Table 1.2 Staging of Prostate Cancer
1.2.5 Tumour Grading
Tumours are graded to allow better predictions for prognosis. The Gleason Grading System is the most commonly used system, where cancers are scored according to their appearance under a microscope. During biopsy, a sample of the prostate tissue is obtained and prepared on microscope slides. Two grade scores are assigned for the two most common tumour patterns, and these scores added together for a final Gleason sum. Gleason scores range from 1 to 5, where 5 has the poorest prognosis and Gleason sums range from 2 to 10. The Gleason patterns are detailed Table 1.3. For the primary grade, pathologists identify which pattern corresponds with at least 50% of the tumour and the secondary grade represents the minority of the tumour.
The prognosis for prostate cancer can be variable.
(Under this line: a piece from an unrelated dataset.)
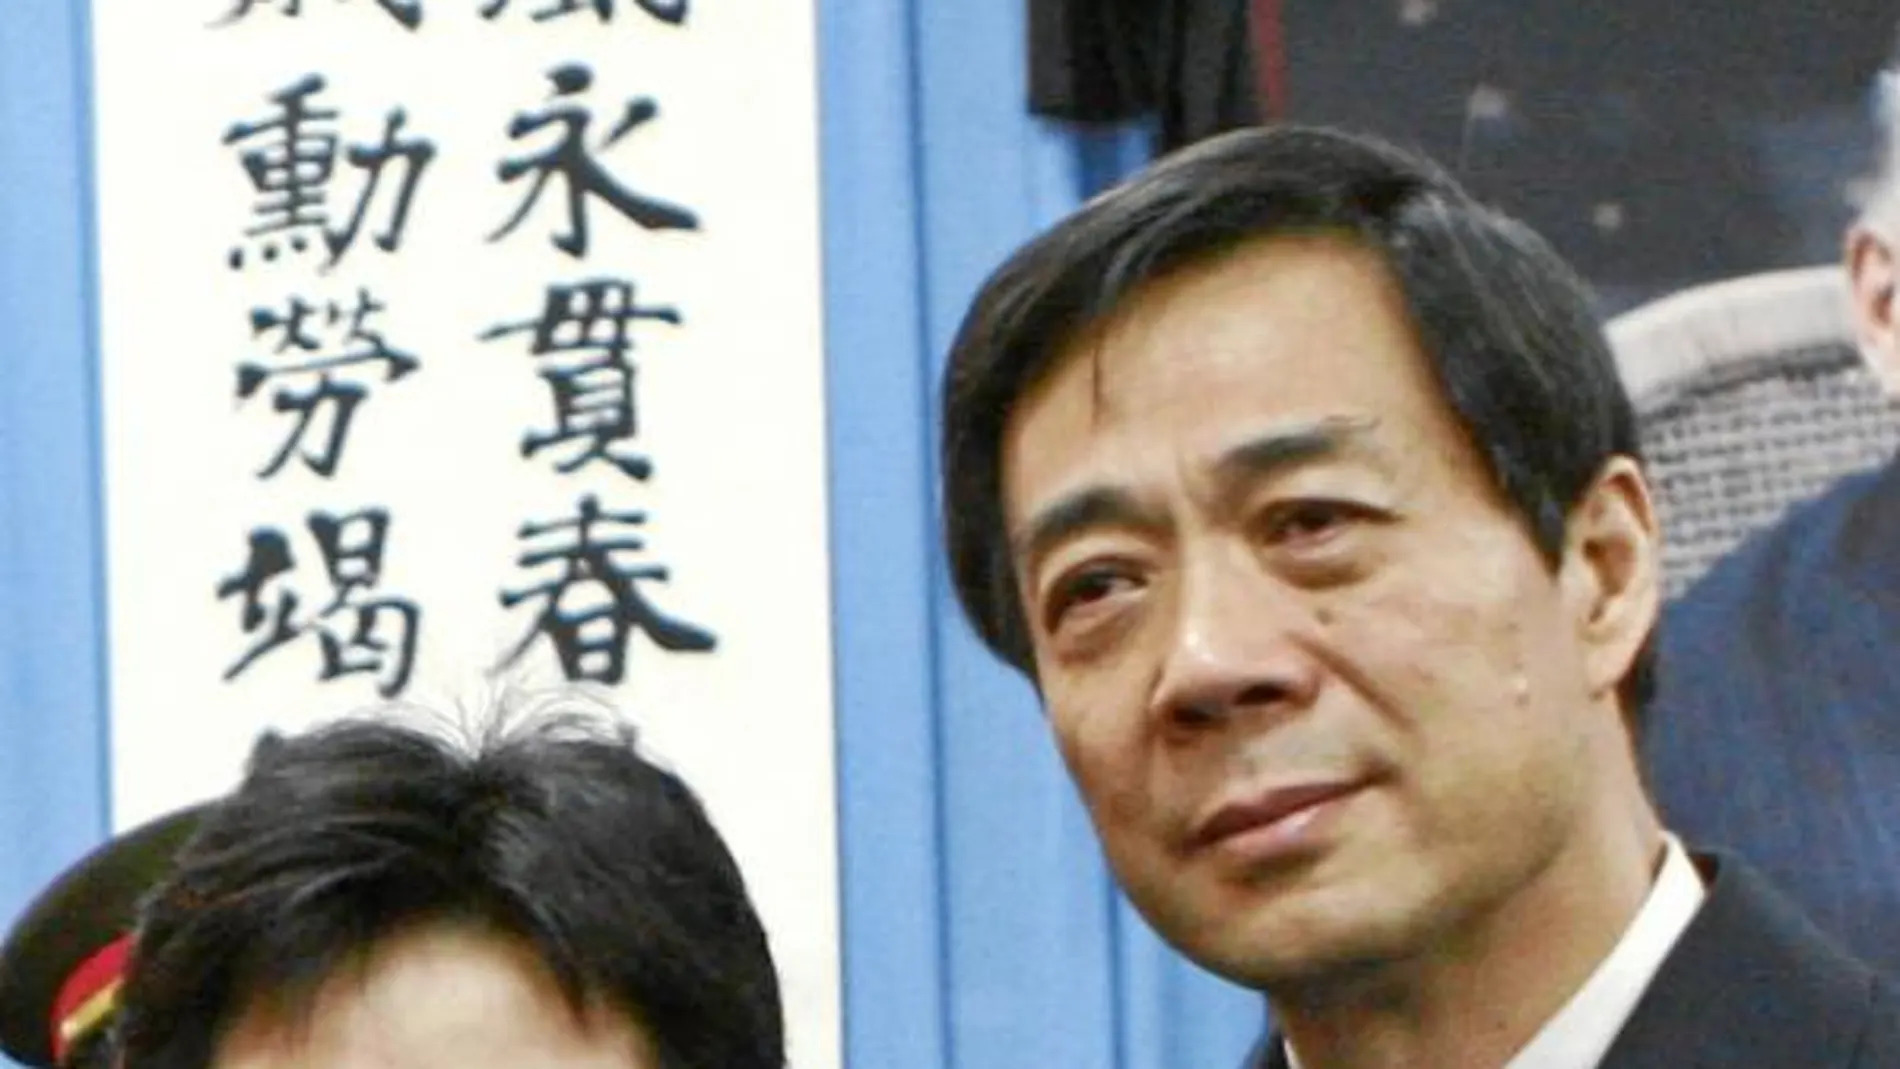 Gu Kailai y Bo Xilai formaban una de las parejas más envidiadas de China

More aggressive tumours, with Gleason sum 8, 9 or 10, can lead to death in a short space of time, however lower grades, with Gleason sum of 6 or lower, may not see any clinical consequences . Albertsen et al conducted a series of studies on a cohort of 767 untreated cancer patients. Men with tumours of Gleason sum 5 had between 6% to 11% cancer mortality at 20 years. Patients with tumours with a higher Gleason sum had up to 70% (Gleason score 7 or 8) and 87% (Gleason score 10) rates of death from prostate cancer, with very few of the entire cohort surviving more than 15 years after diagnosis .
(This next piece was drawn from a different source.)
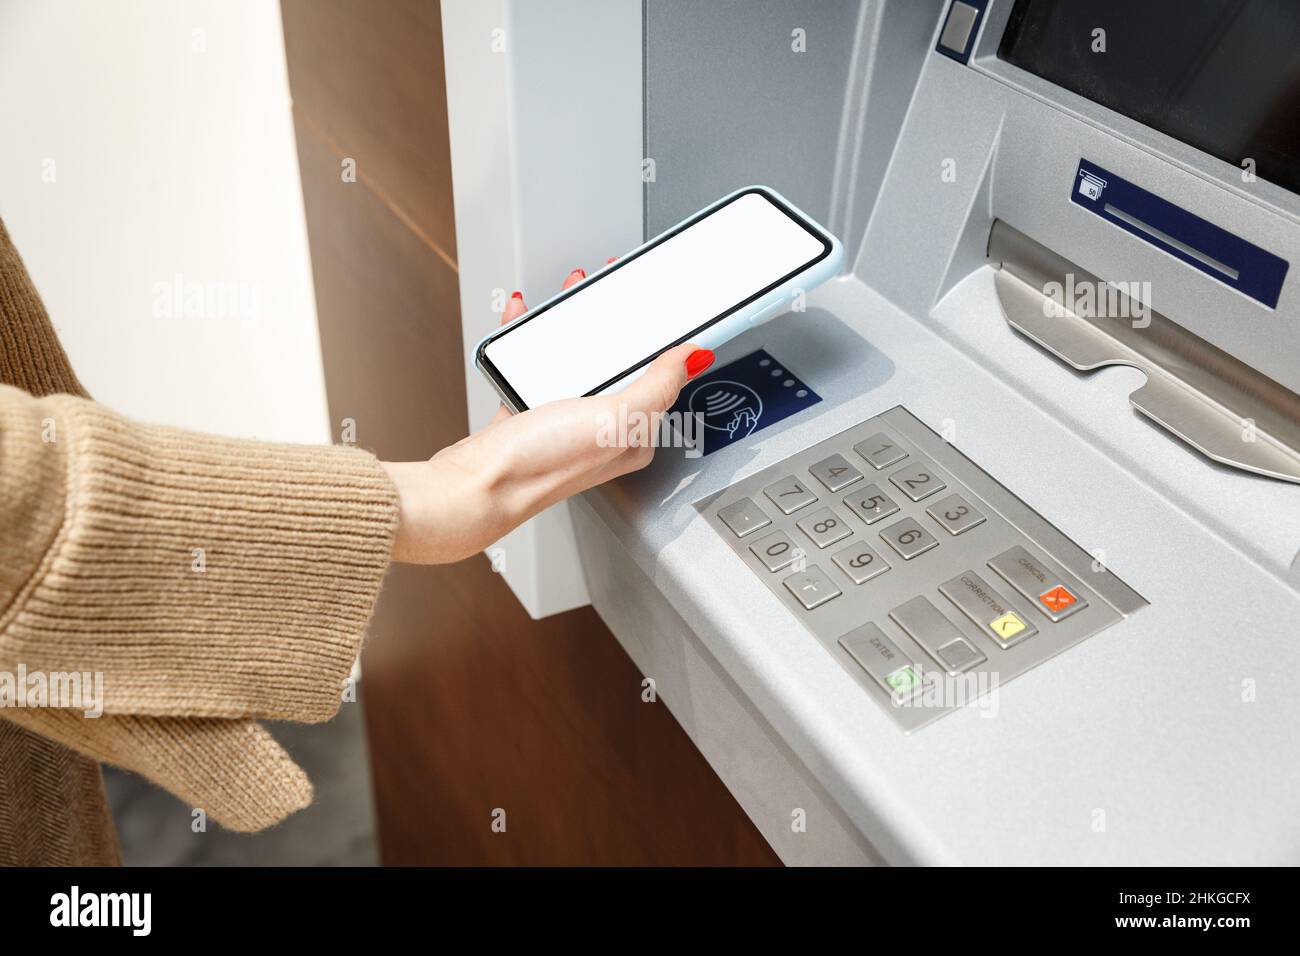 Weibliche Hand mit Mobiltelefon, das Geld vom geldautomaten abzieht, mit dem kontaktlosen NFC-wi-Fi-Bezahlsystem. Drahtlose Authentifizierung und Datenübertragung Stockfoto

Table 1.3 Gleason Patterns
Pattern 1 The cancerous prostate cells closely resemble normal prostate cells. The glands are small, well-formed, and closely packed.
Pattern 2 The glands are larger and have more tissue between them
Pattern 3 The tissue still has recognizable glands, but the cells are darker. Some cells have left the glands and have started to invade the surrounding tissue.
Pattern 4 The tissue has few recognizable glands. Many cells are invading the surrounding tissue
Pattern 5 The tissue does not have recognizable glands. There are often just sheets of cells throughout the surrounding tissue.